Section 2 comments on the impacts of CBDC on the banking sector, focusing particularly on the phenomena of bank runs.
Section 3 presents the Deep Learning Neural Network model and describes the different scenarios and data used to calibrate the model.
Section 4 presents the results, followed by the discussion section. Finally,
Section 6 concludes.
2. Theoretical Background
Understandably, the introduction of CBDC could entail significant structural changes in the banking sector, which will vary very much depending on the features and the design of the CBDC.
The introduction of CBDC could lead to a disciplining effect on banks, which means that banks would be under the constant threat of bank runs [
8]. In line with this, it could be understood that CBDC will have an impact on commercial bank business models, with expected flows of commercial bank deposits into CBDC. This could lead banks to prevent a loss of deposits by increasing interest rates offered in customer deposits, which could lead banks to seek alternatives to maintain profitability such as raising lending costs and increasing fees, ultimately leading to a reduction on banks’ balance sheets [
2]. The introduction of CBDC could facilitate the transfer of deposits from commercial banks to Central Banks since CBDC could be perceived as a risk-free option to store and protect wealth in economic stressed scenarios [
26].
The current literature has briefly explored the steps that could be taken to limit the risk of bank runs as a result of the introduction of CBDC by adding frictions discouraging large amounts of deposit transfers from commercial banks to Central Banks. These frictions include limiting or capping the maximum amount to be deposited in CBDC accounts, adopting a flexible approach with different tiers regarding the interest paid on CBDC deposits, or imposing fees on large amounts deposited in CBDC accounts [
27]. Other proposals include limitations such as removing the requirement for banks to convert deposits to CBDC [
25]. The authors of that paper suggest a set of core principles for CBDC, including (i) CBDC paying an adjustable interest rate, (ii) CBDC and reserves to be distinct and not convertible to one another, (iii) no guaranteed on-demand convertibility of bank deposits into CBDC, and (iv) central bank can only issue CBDC against eligible securities such a government bond. The authors suggest that by following these principles the introduction of CBDC should not necessarily impact neither banks’ provision of credit to borrowers nor banks’ provision of liquidity to depositors.
Next, we briefly describe some of the key features of CBDC. The model proposed in this paper allows the simulation of the potential impact of the different combination of features and its potential impact on the distribution of wealth between cash, commercial bank deposits, other financial assets and CBDC. In other words, the DNN proposed in this work allows us to understand the transfer of funds from commercial bank deposits to CBDC under different scenarios, and hence to assess the likelihood of a bank run depending on the design of the CBDC.

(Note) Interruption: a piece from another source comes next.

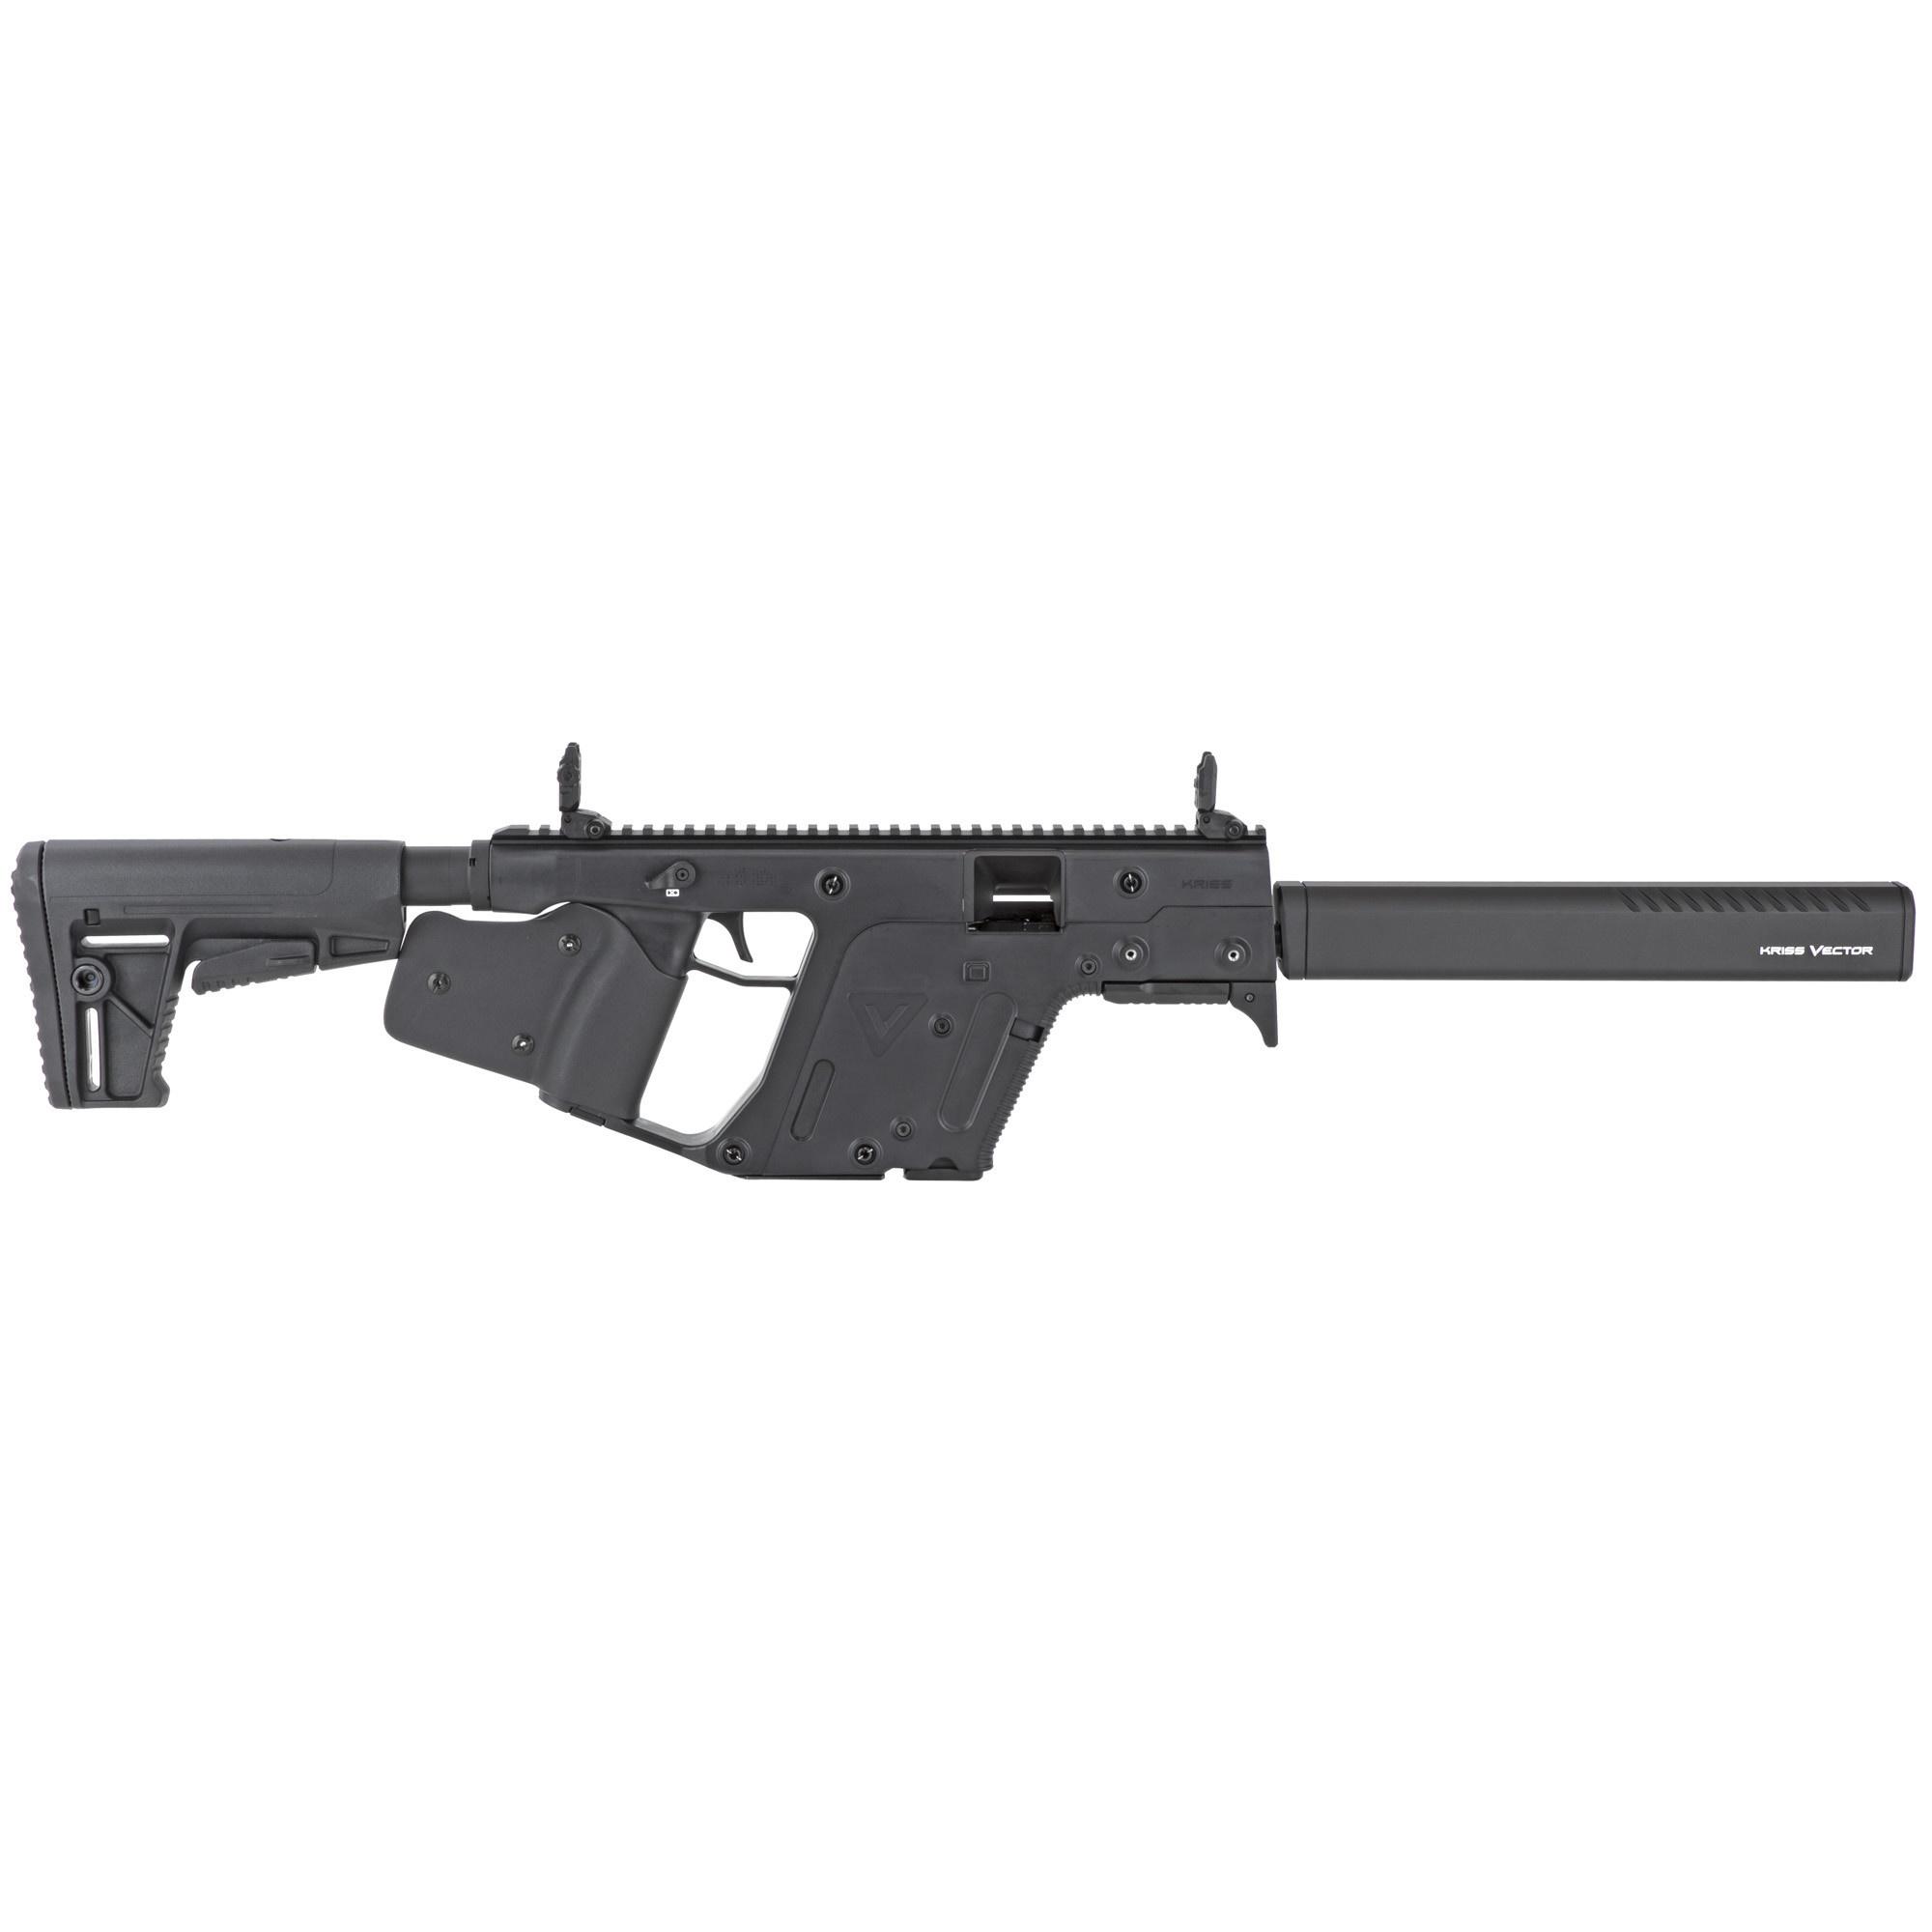 Kriss USA, Inc. Vector CRB Rifle 9MM
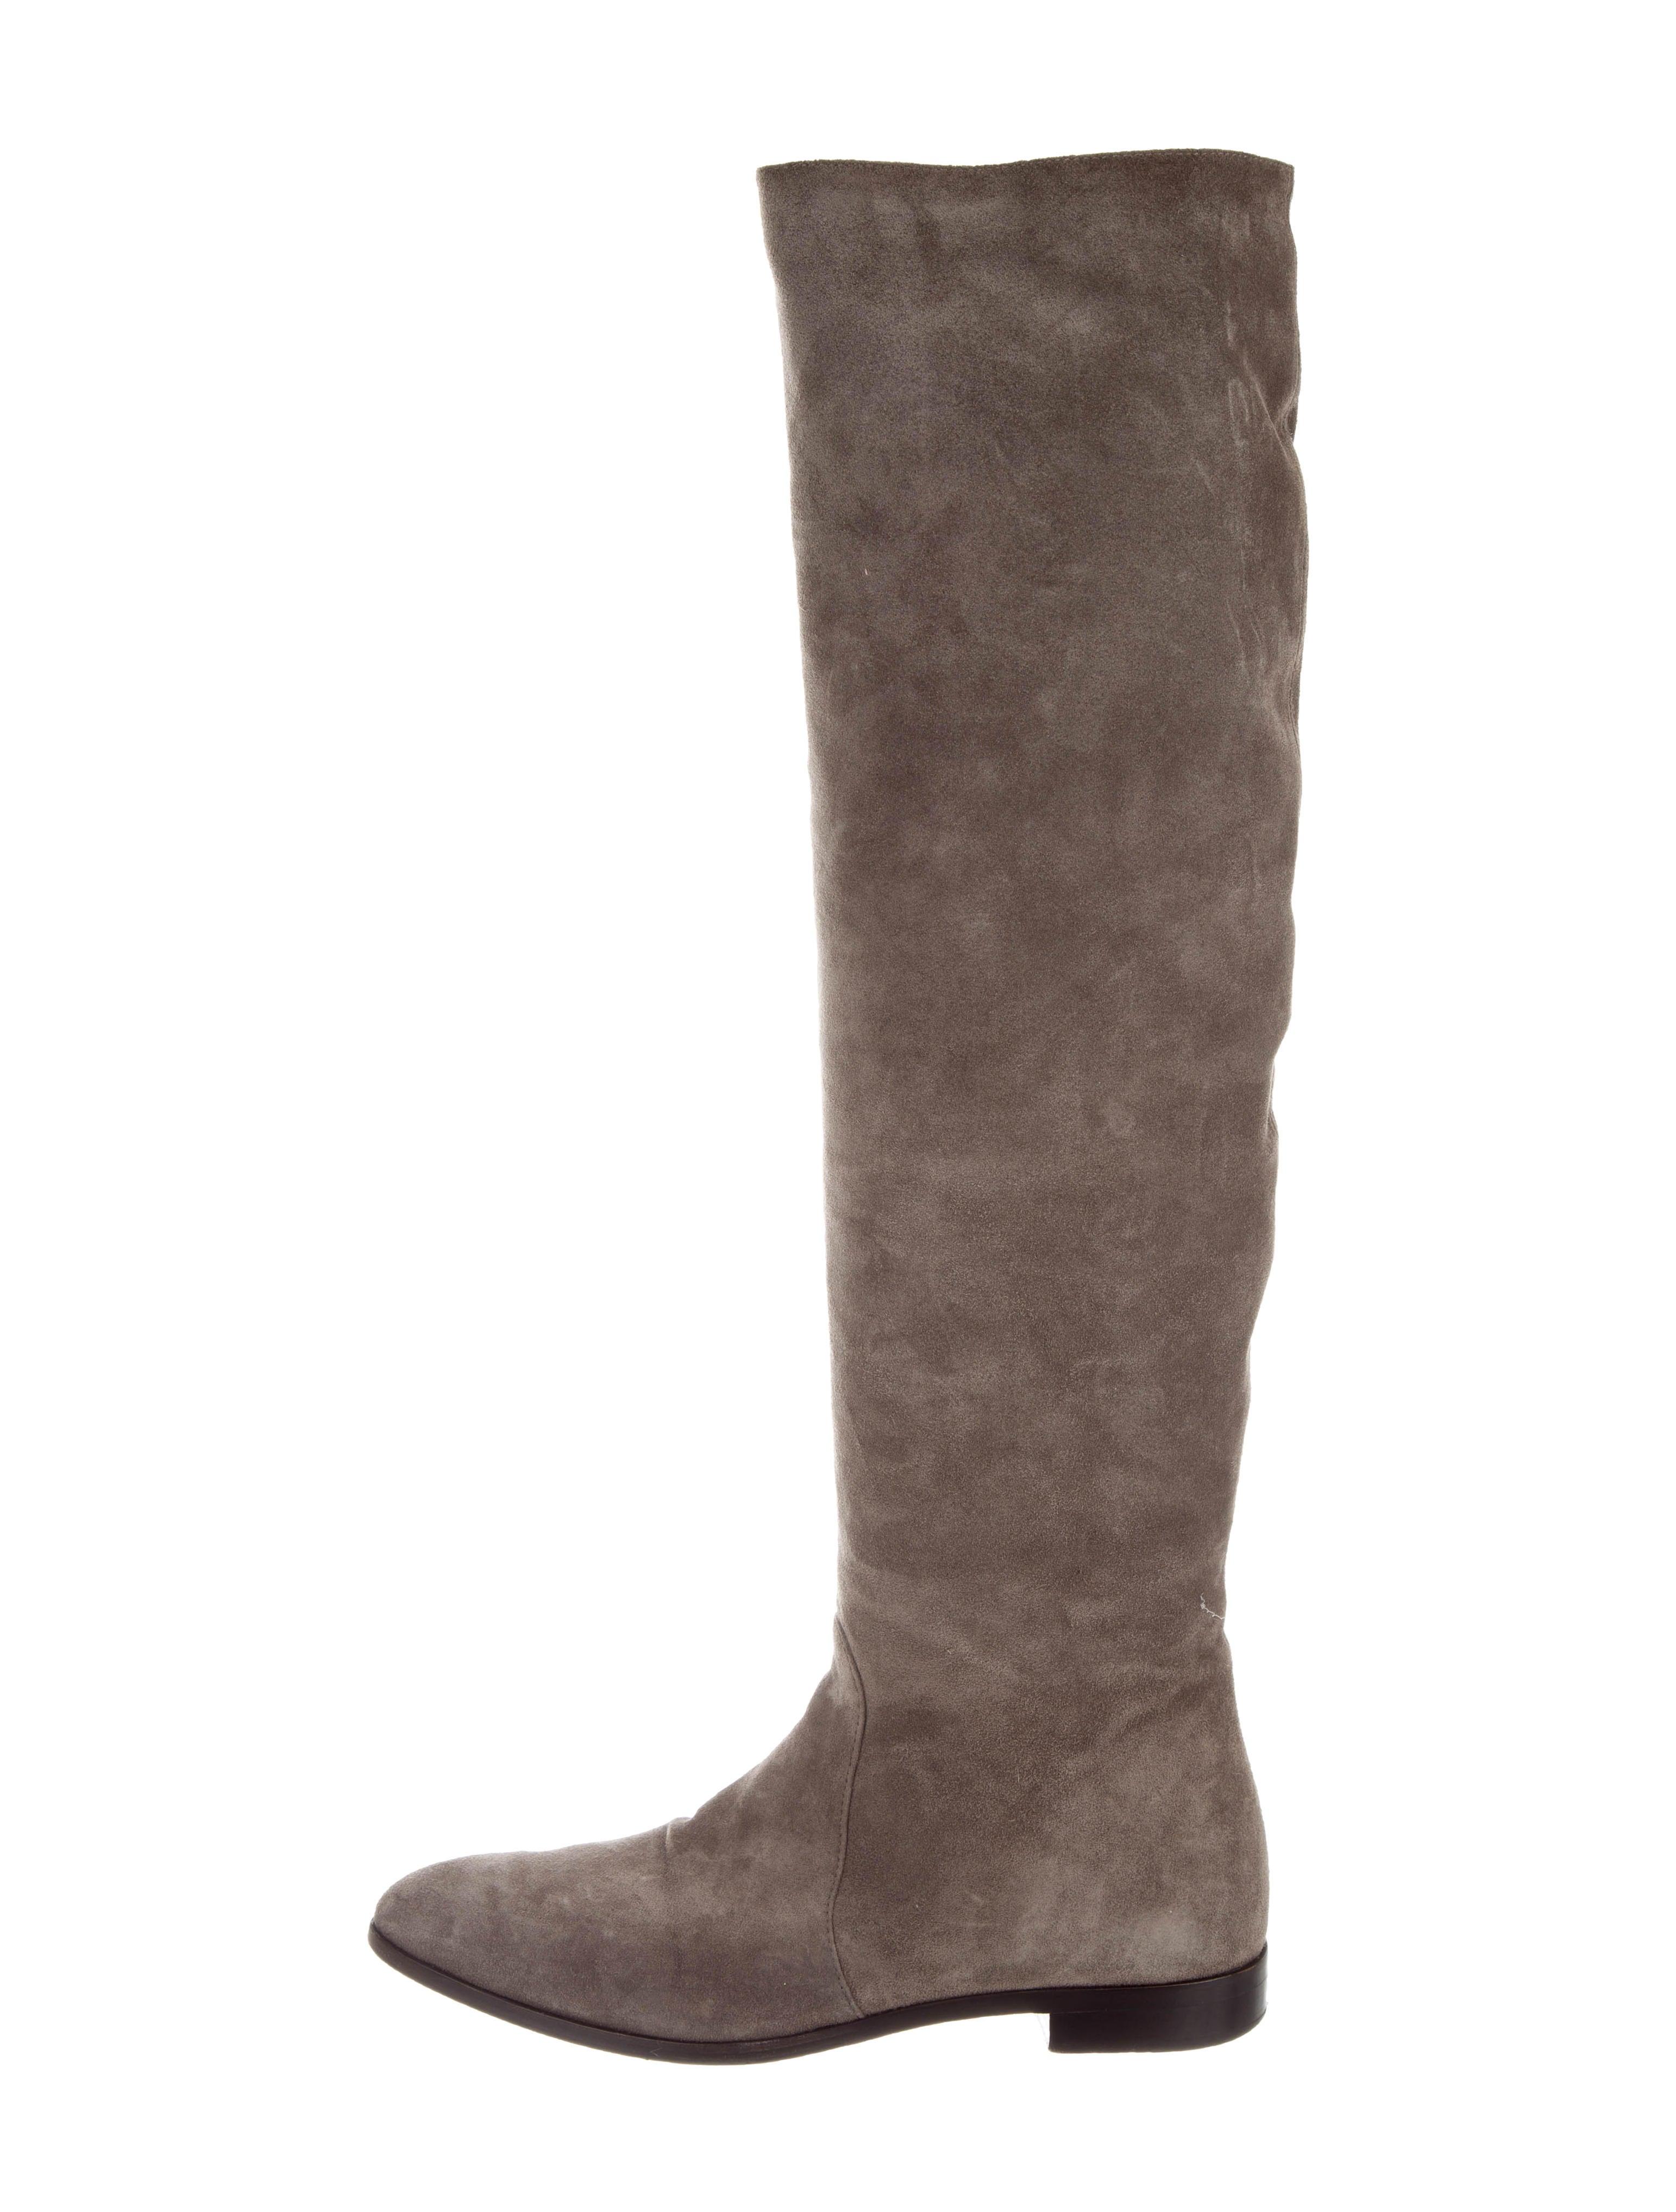 48aadf00da2 Prada Suede Over-The-Knee Boots - Shoes - PRA186569

Interest on CBDC: We could see CBDC without interest as a partial substitute of cash, while a CBDC with interest could be rather seen as a substitute of commercial bank deposits. However, in times of economic stress, we could expect depositors to convert commercial bank deposits into CBDC even if CBDC rate is set at zero (or negative). This differs from depositors converting their commercial bank deposits into cash, since holding significant amounts of cash entails non-negligible storage risks (or costs). One of the hypotheses of this work is the use of CBDC interest (positive, zero, or negative) to counterbalance the increased risks linked to bank runs. This hypothesis has been tested and the results are shown and discussed in
Section 5 of this paper.
Limit the amount of CBDC per account: The limit on holdings of CBDC by account could potentially limit the value and number of transactions that could be made using CBDC, and hence, reduce the effectiveness of CBDC as a payment system [
18]. However, limiting the holdings of CBDC would, to some extent, potentially mitigate the risk of digital bank run. This feature can be easily integrated into the proposed model by just capping the CBDC output to a given value. This is also discussed later in
Section 5.
Convertibility of bank deposits into CBDC: Focusing on a new system where CBDC will coexist with commercial bank deposits and cash, [
25] consider the no guaranteed on-demand convertibility of commercial bank deposits into CBDC as one of the key features of CBDC. As the authors describe, making the conversion credible even in stressed situations would involve the central bank also guaranteeing convertibility, which would lead the central bank to provide CBDC against bank commercial deposits. Kumhof and Noone consider that as long as there is a market where commercial bank deposits can be traded against CBDC and CBDC eligible securities (such as government bonds), there would be no need to force commercial banks to accept a guaranteed convertibility of bank deposits into CBDC. However, this proposal has been criticized by other authors, who suggest that this goes against one of the basic principles of CBDC to safeguard the confidence in commercial banks’ deposits and the financial system itself, hence potentially having spillover effects to the wider economy [
13,
27]. This could be implemented in the model proposed in this paper by adding a new input for each financial asset which would model the degree of convertibility. These inputs would equal 1 if commercial banks are required to fully convert deposits into CBDC on demand, while will decline as the difficulty to convert a financial asset into CBDC (and vice-versa) increases.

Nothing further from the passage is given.